Don't ask me why but I can't find a NANOG thread discussing this.

Teleglobe depeers Cogent due to various ratio and market pressure issues. 
Of note is that Cogent has recently entered the Canadian market where 
Teleglobe has a strong presence, and has started giving away free or 
nearly free transit to large inbound networks. Teleglobe is a Sprint 
customer, and Cogent reaches Sprint through Verio. Teleglobe is caught 
completely off-guard when Cogent refuses to accept the route via Sprint 
transit, and blocks traffic between the networks. This continues for 
several days, until eventually routes are leaked/added from Teleglobe to 
SAVVIS (AS3561), who Cogent peers with. This continues for a few days more 
until Teleglobe finally agrees to repeer Cogent.



France Telecom (OpenTransit/AS5511) depeers Cogent, April 14 2005
http://www.merit.edu/mailinglist/mailarchives/old_archive/2005-04/msg00484.html

FT depeers Cogent due to, well, a variety of issues and general 
unhappiness surrounding Cogent's entrance into their markets through the 
purchase of Lambdanet. FT is a Sprint customer, Cogent is already 
receiving Sprint routes via Verio but intentionally blocks these routes so 
that they have no path to FT. The rumored resolution to the dispute is 
that a FT customer sues Cogent in France, and a French judge either does 
or is about to fine the hell out of Cogent unless connectivity is 
restored. At this point Cogent caves, and begins accepting the routes via 
Sprint (via Verio).



Of course I am certain there are a lot more depeerings (both from and to 
Cogent) that did not make the news, but these are the big notable events 
that dramatically impacted connectivity. For anyone keeping score, the 
last two times Cogent was depeered, it responded by intentionally blocking 
connectivity to the network in question, despite the fact that both of 
those networks were Sprint customers and thus perfectly reachable under 
the Sprint transit Cogent gets from Verio. While no one has come forward 
to say if the Cogent/Verio agreement is structured for full transit or 
only Sprint/ATDN routes, Cogent has certainly set a precedent for 
intentionally disrupting connectivity in response to depeering, as a scare 
tactic to keep other networks from depeering them.
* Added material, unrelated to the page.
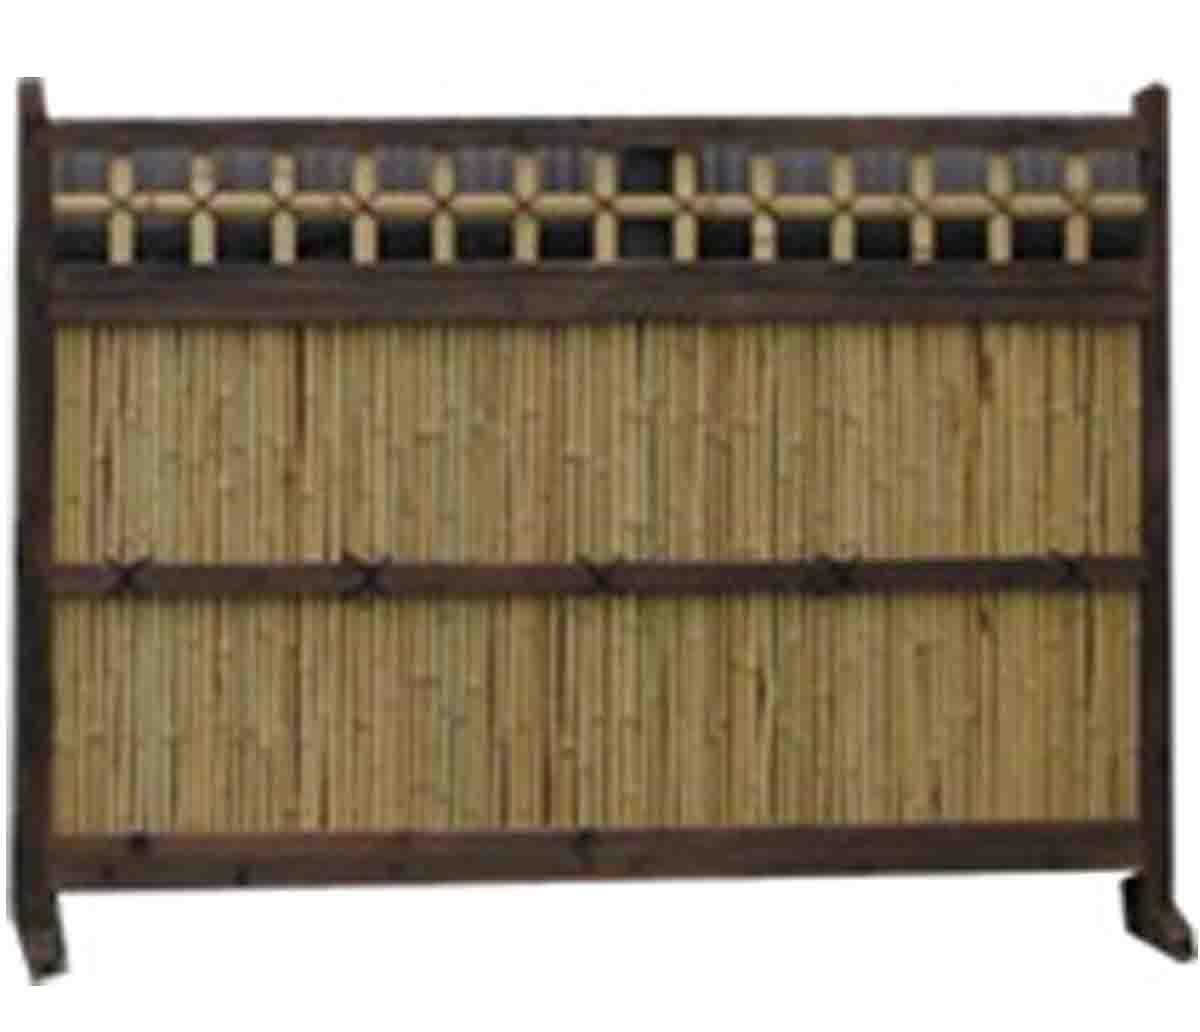 竹垣袖垣 お庭を和風に演出 竹垣((幅165cm×高さ120cm))※メーカー直送 B00JQRIEJM 16800

> L3 was hoping to force Cogent to increase that transit to include the 
> traffic destined for L3's customers, thus raising Cogent's transport 
> costs at no additional (transport) cost to L3.

As I've already pointed out, L3 depeering Cogent is in fact a major 
revenue loss for L3. Not only will they not make any money off of Cogent 
(since we both know Cogent will NEVER give them money for direct transit), 
but Cogent will heavily depref them and shift many many gigabits of 
traffic away from L3 and onto their competitors, traffic that L3 was 
previously billing their customers for. They'll also lose customers during 
the unreachability, and even if Cogent buckles and buys transit they'll 
lose some outbound traffic from their multihomed customers due to a longer 
as-path length to reach Cogent and many of Cogent's routes (11k of them 
remember).

Let me be perfectly clear here, under absolutely no line of logic will L3 
see an increase in revenue from this, period. If you think they will, you 
don't understand how the Internet works. What L3 will see from this is a 
REDUCTION IN BILLABLE TRAFFIC AND BACKBONE UTILIZATION.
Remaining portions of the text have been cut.